* _Data section_
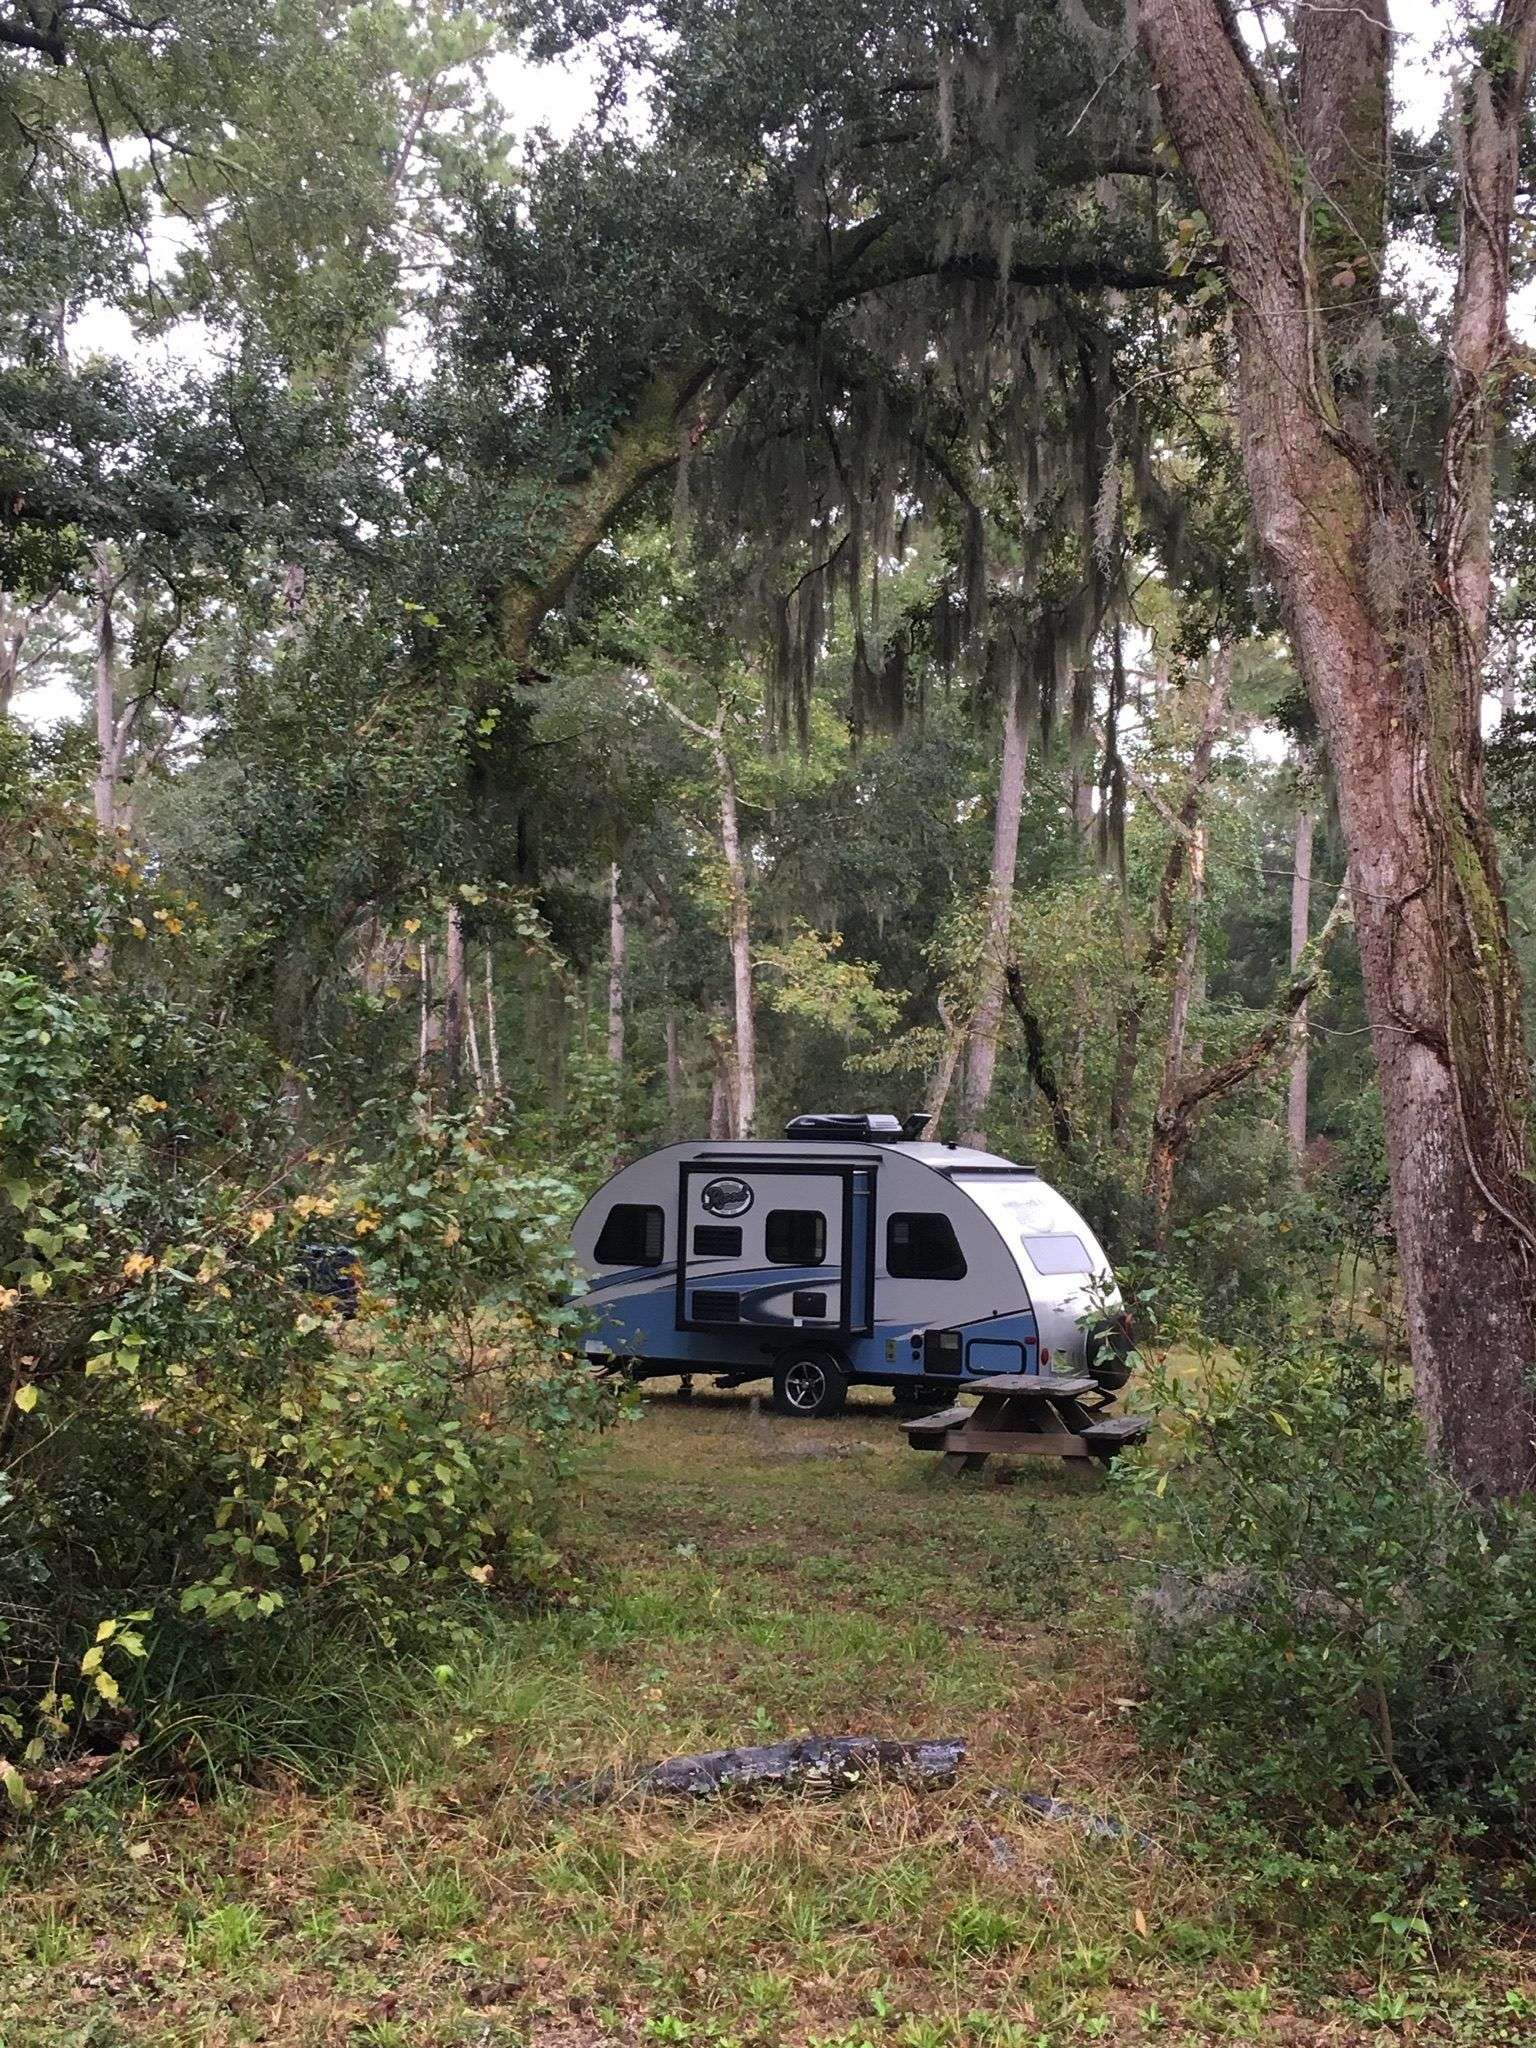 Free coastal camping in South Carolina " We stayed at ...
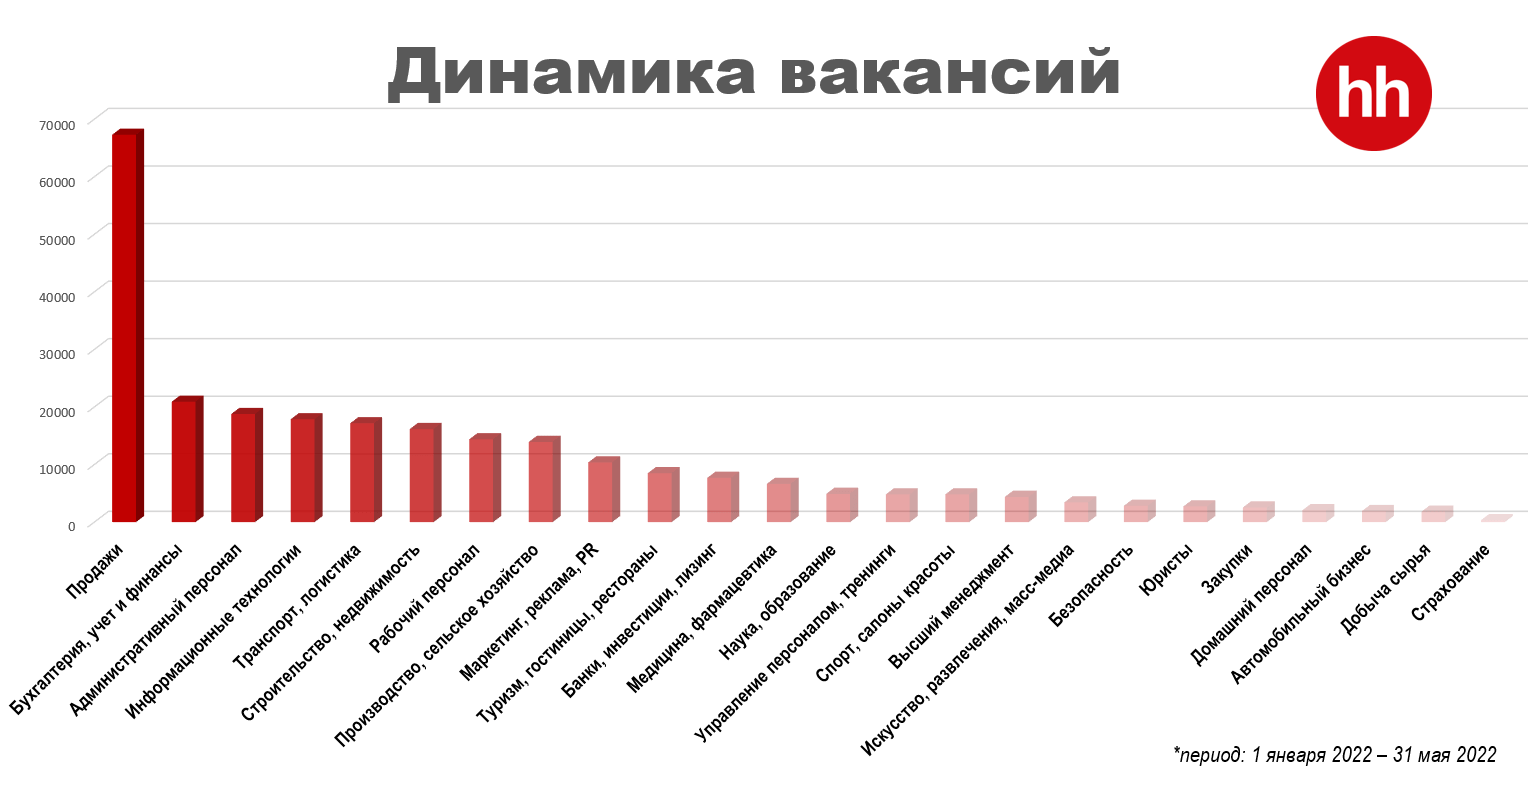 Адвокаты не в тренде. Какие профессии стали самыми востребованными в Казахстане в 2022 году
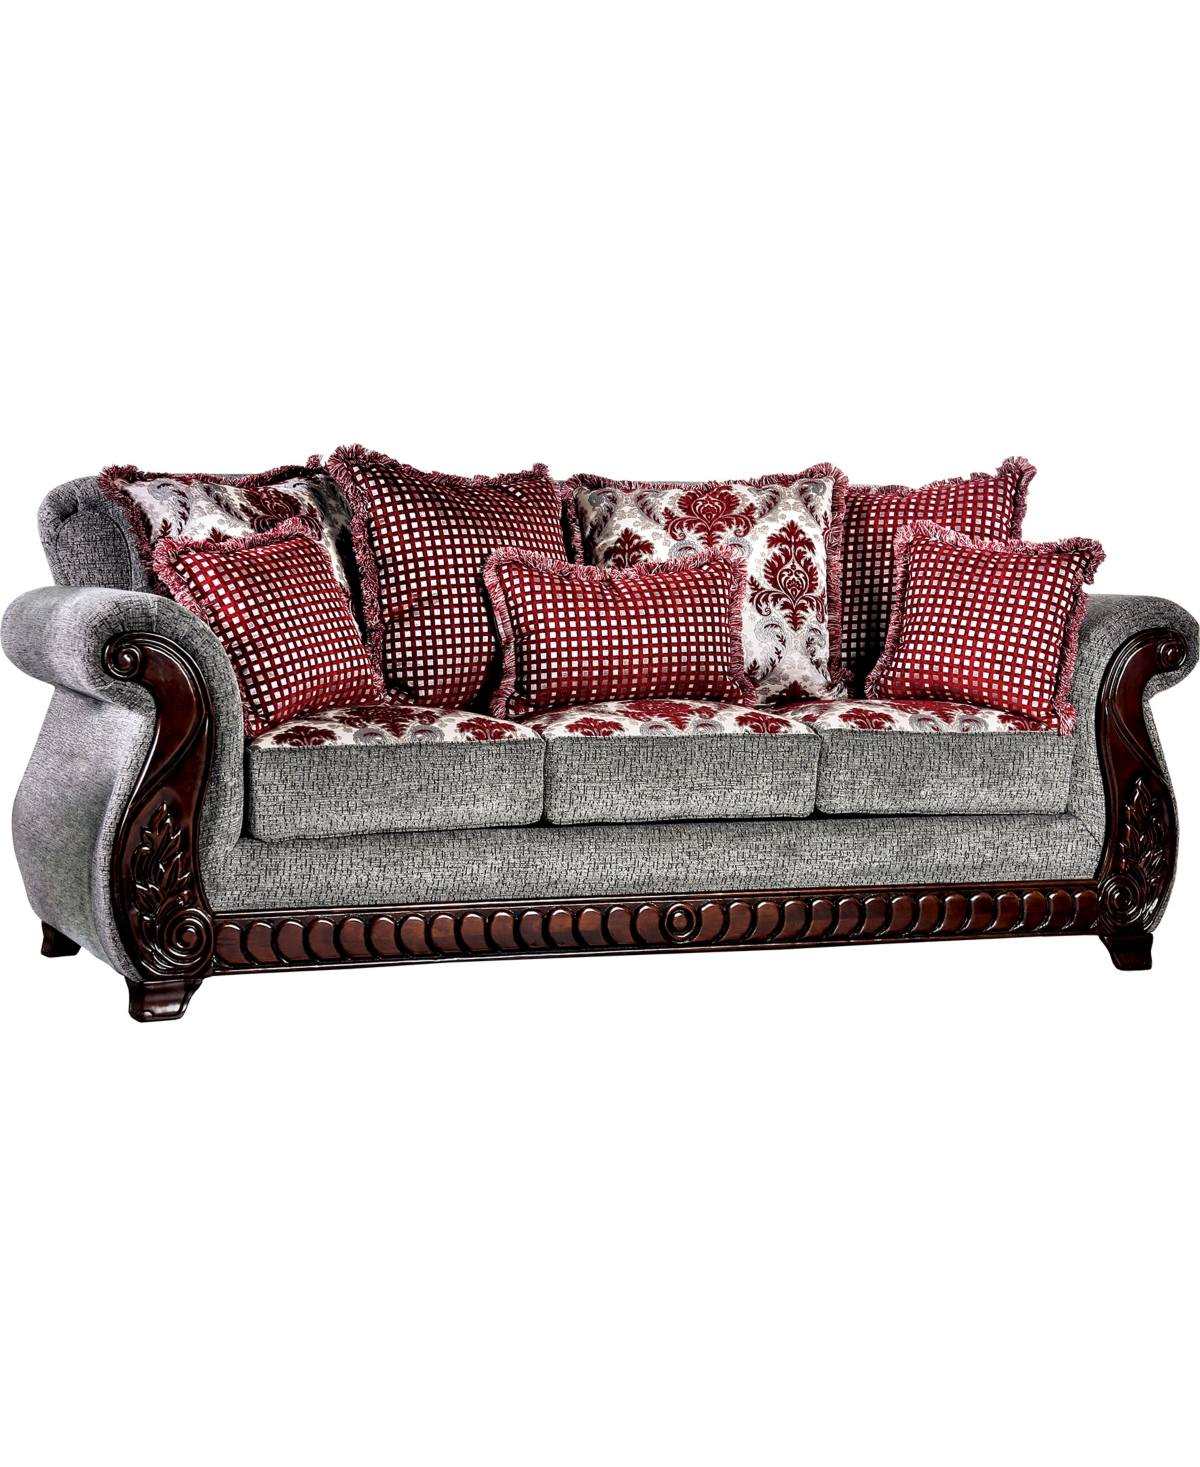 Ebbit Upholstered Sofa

* _Work to be completed_
Copy each line of the material above exactly, but not the images.

* _Completed exercise_
 Free coastal camping in South Carolina " We stayed at ...
 Адвокаты не в тренде. Какие профессии стали самыми востребованными в Казахстане в 2022 году
 Ebbit Upholstered Sofa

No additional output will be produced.